A Call To Action For Pharma
Personalized medicine holds the promise to advance patient treatment and elevate the standard of care but only with proper insight into the mechanisms causing or contributing to a disease. Advanced analytics achieved through the implementation of AI with machine learning and large-scale information and signals processing, at all levels of drug production, could hold the advantage the pharma industry needs to achieve this. The ability it offers to engage in safe, ethical design protocols that provide early indications of efficacy and safety may be the key factor in driving the industry to focus on individual needs, rather than those of an entire population. It creates a shortcut of years of costly post-production studies, helps recoup the high costs of drug development, and generates high-profit margins.
Doing so requires a trusted information provider to acquire and prepare the data without insertion of bias and offers a line of traceability that effectively demonstrates the accuracy and sustainability of the data delivery. By establishing and maintaining trust with information consumers, they can operate an information gateway that is logical, as it is based on what is being seen in the healthcare ecosystem for a targeted patient cohort. It is important, however, that pharma companies review this relationship by running parameters or scenarios of known outcomes, so the ecosystem can be tested on specific questions to see what process is used to arrive at the expected answers.

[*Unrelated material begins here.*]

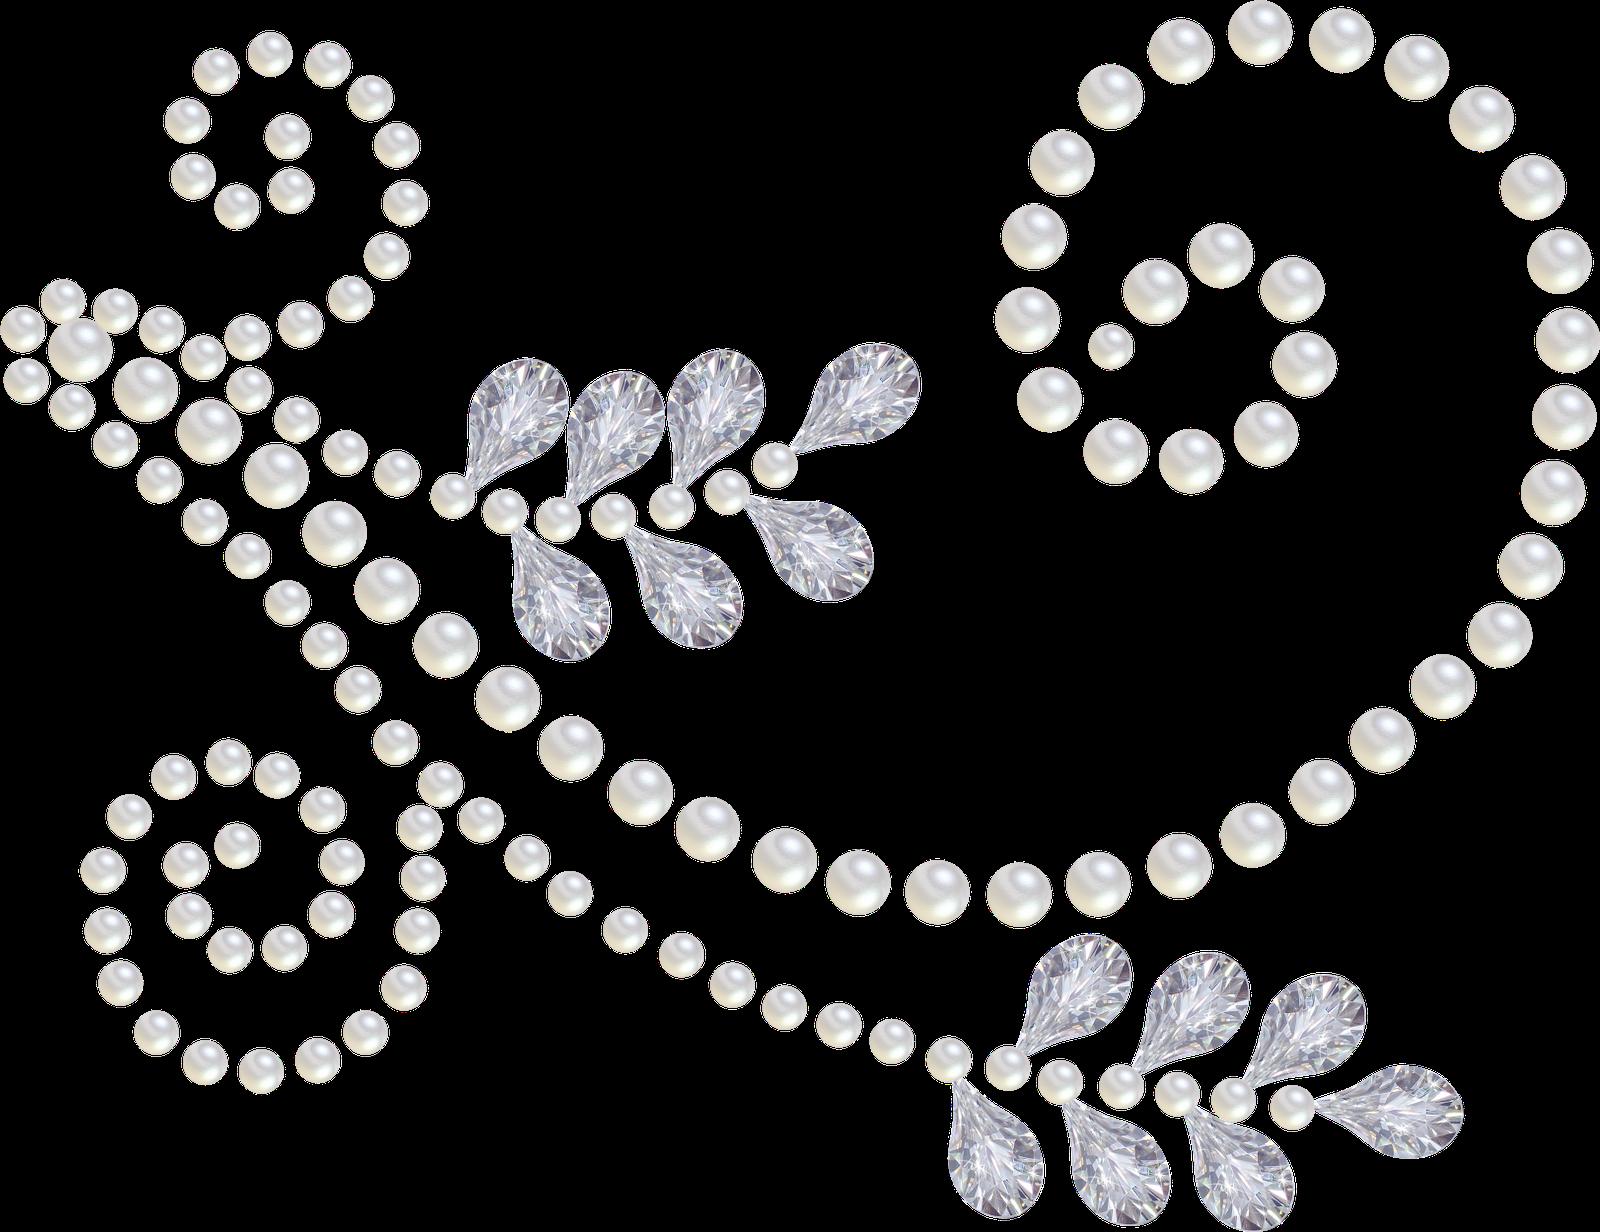 Pearl and clip art. Clipart diamond swirl

Restored trust across the health information supply chain could lead to a tremendous collaboration between all actors. It would also further establish bridges across interconnected research communities and eventually position patients at the center of the health information exchanging, rewarding them for proactively taking part in this complex research effort. In the end, designing and developing drugs with a more accurate understanding of not just what the patient needs but what medication is most effective opens the pharmaceutical industry up to new opportunities that could lower the cost of drug development, transform patient care, and save lives, ultimately reshape the future of medicine.